Today in “I can’t believe this wasn’t already a thing,” The Hollywood Reporter has a story about a “quiet” new movement among movie-theater owners: Banning children under the age of six from attending R-rated movies after 6 PM. Like several other exhibition trends (the theater is famous for its full menu and strict “no cell phones” policy), this one was pioneered by the Texas-based Alamo Drafthouse chain, whose founder, Tim League, tells THR that he picked the age of six by “determin[ing] at what age a kid can behave themselves and not blurt out the first thing in their heads.”
Now several other theater chains, including AMC and Cinemark, are quietly adopting the policy as well. Regal Entertainment, America’s largest theater chain, is going one step further and banning children under the age of six from attending R-rated films at all. Technically, this is contrary to the MPAA’s rule on R-rated films, which simply states that a child “under 17 requires accompanying parent or adult guardian.” But the MPAA is a Hollywood trade organization, not a government body, and as such has no actual regulatory power over what theater owners do on their own private property.
Beyond that, the move has been popular. THR notes that Regal quietly instated its policy on February 1, days before unexpected blockbuster and prompter of social-media hand wringing about kids and swear words Deadpool hit theaters.
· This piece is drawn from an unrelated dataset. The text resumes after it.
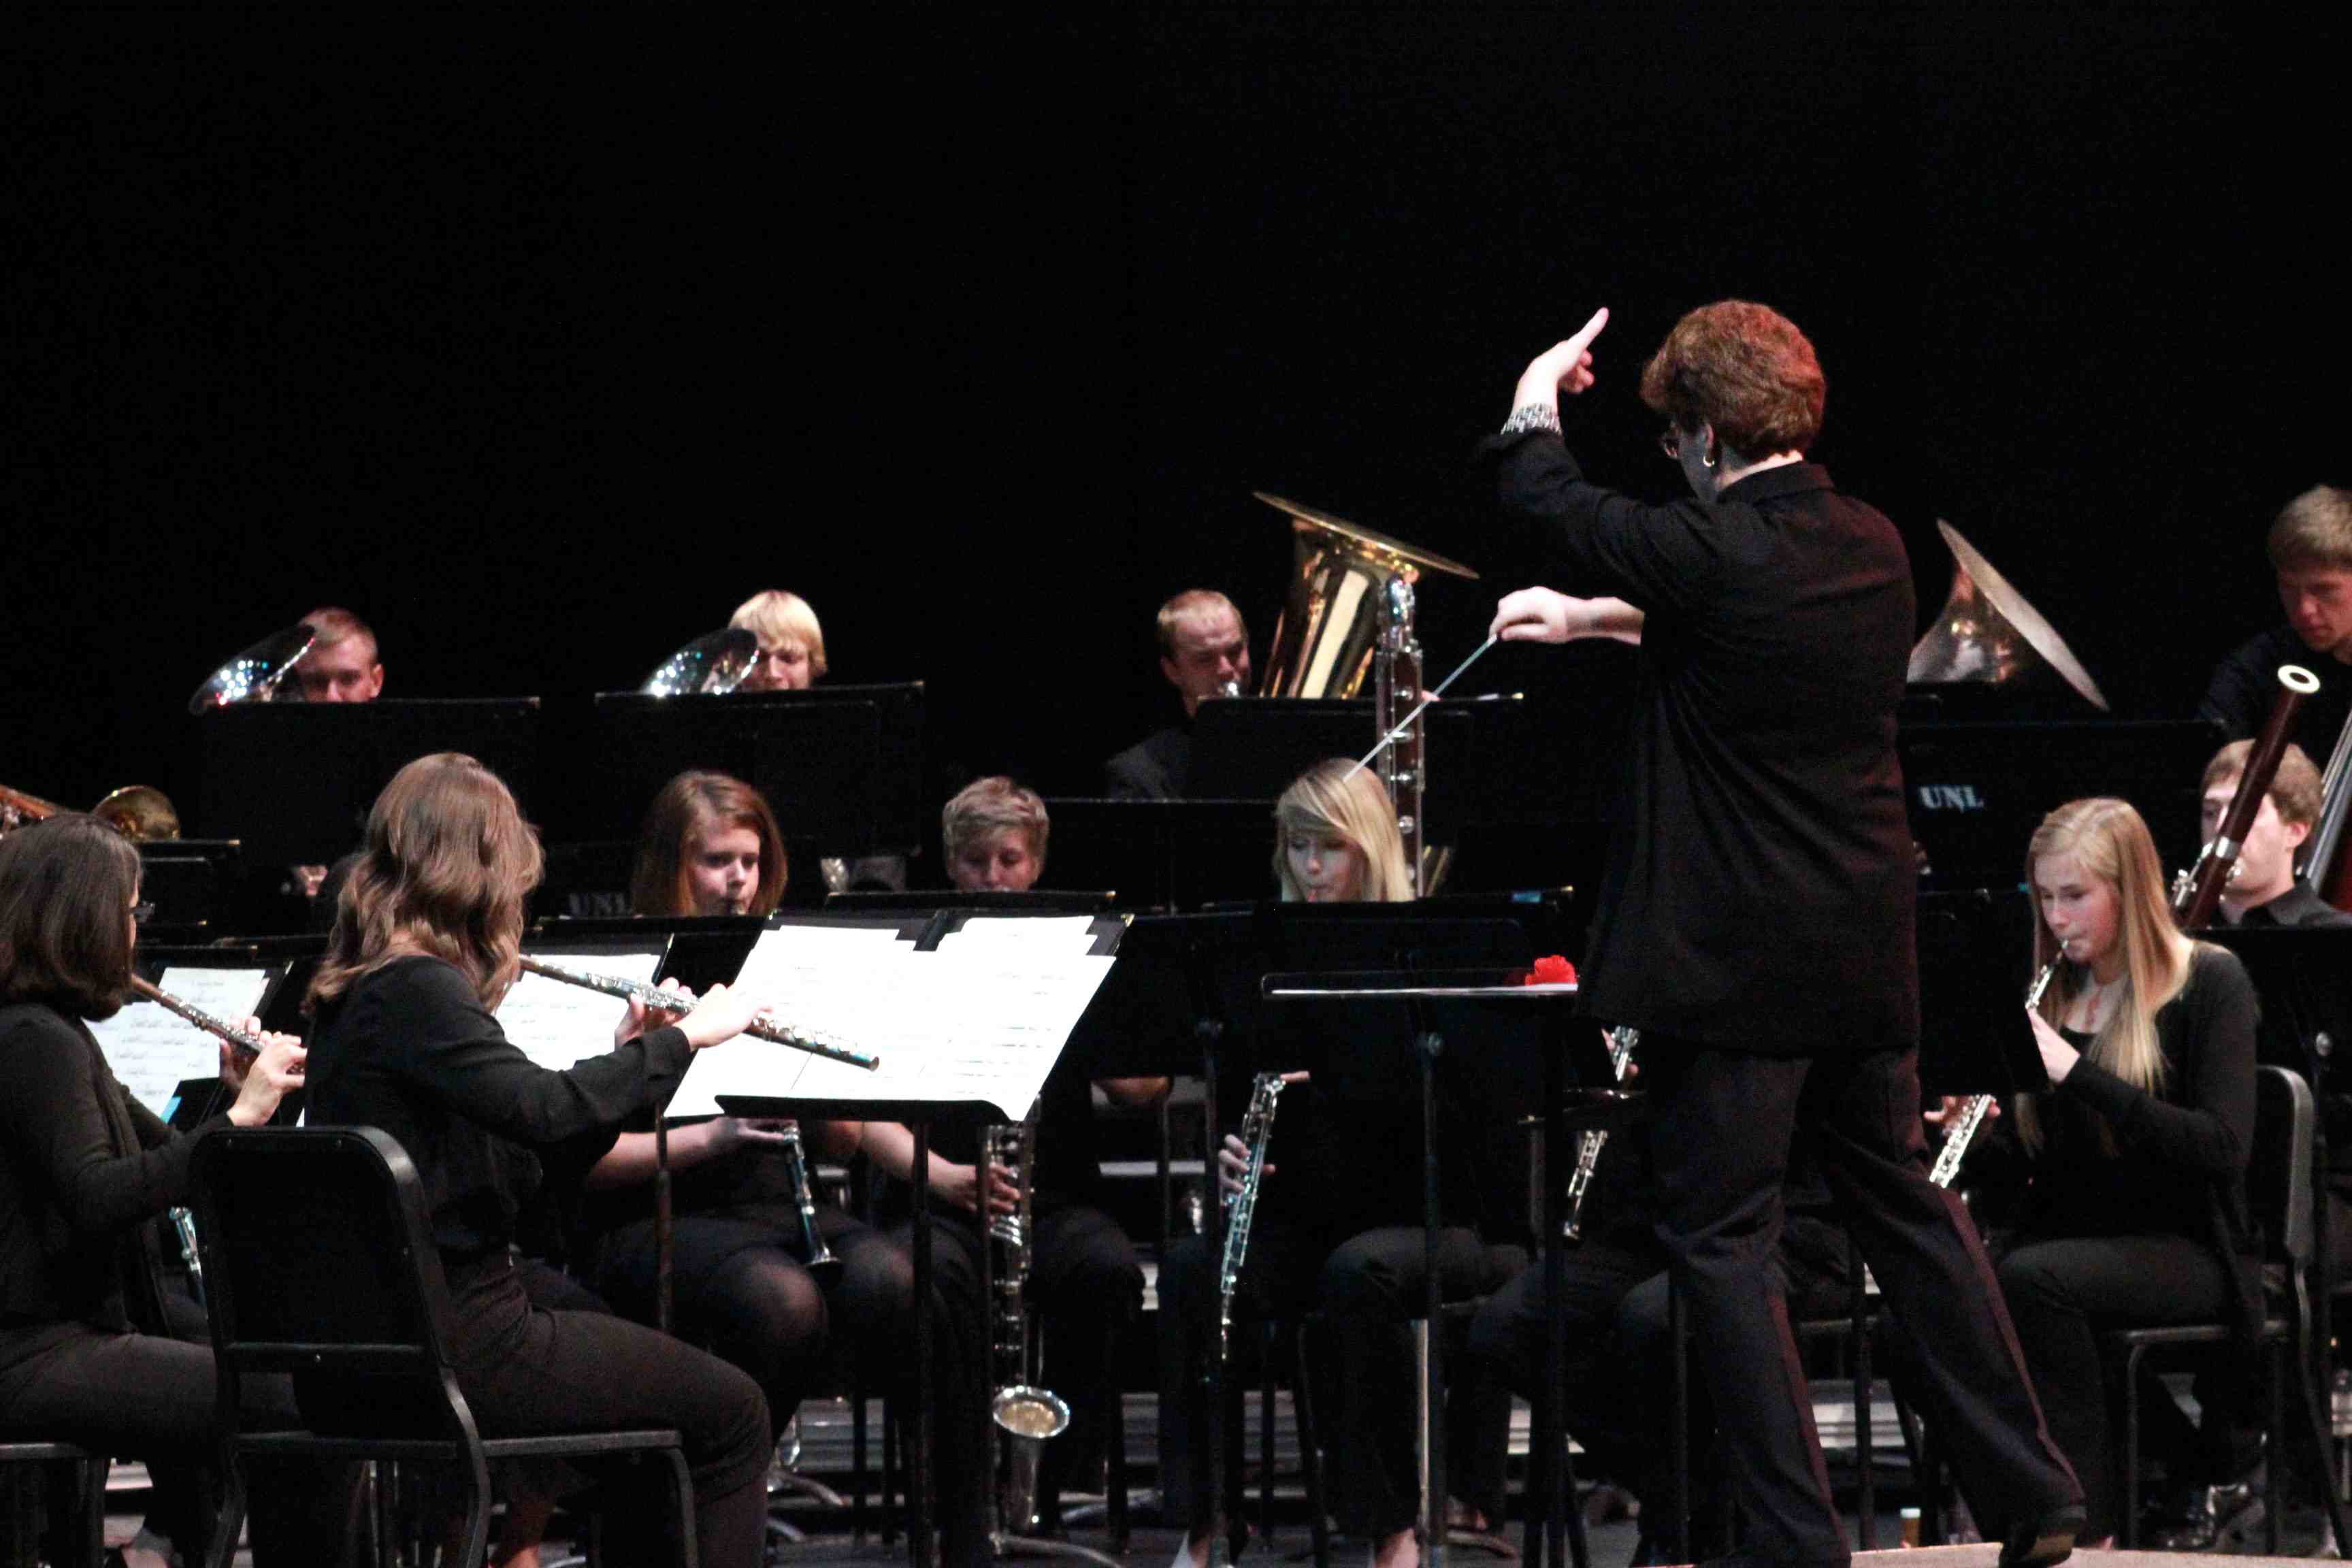 The Wind Ensemble performs Feb. 28 at 3 p.m.

And several chains credit/blame busybody patrons complaining about having to watch scenes of violence or sex with toddlers nearby—being traumatized by the kids’ hypothetical trauma, in essence—for the new policy. Personally, this writer saw Rob Zombie’s Halloween II (I know, I know) in a mostly empty theater (shocking) sitting near a tired-looking couple and their two preschool-aged children, and the kids’ crying and screaming throughout was infinitely more unsettling than the movie itself. I’m still not sure if it enhanced or detracted from the experience. But at least they weren’t on their fucking cell phones.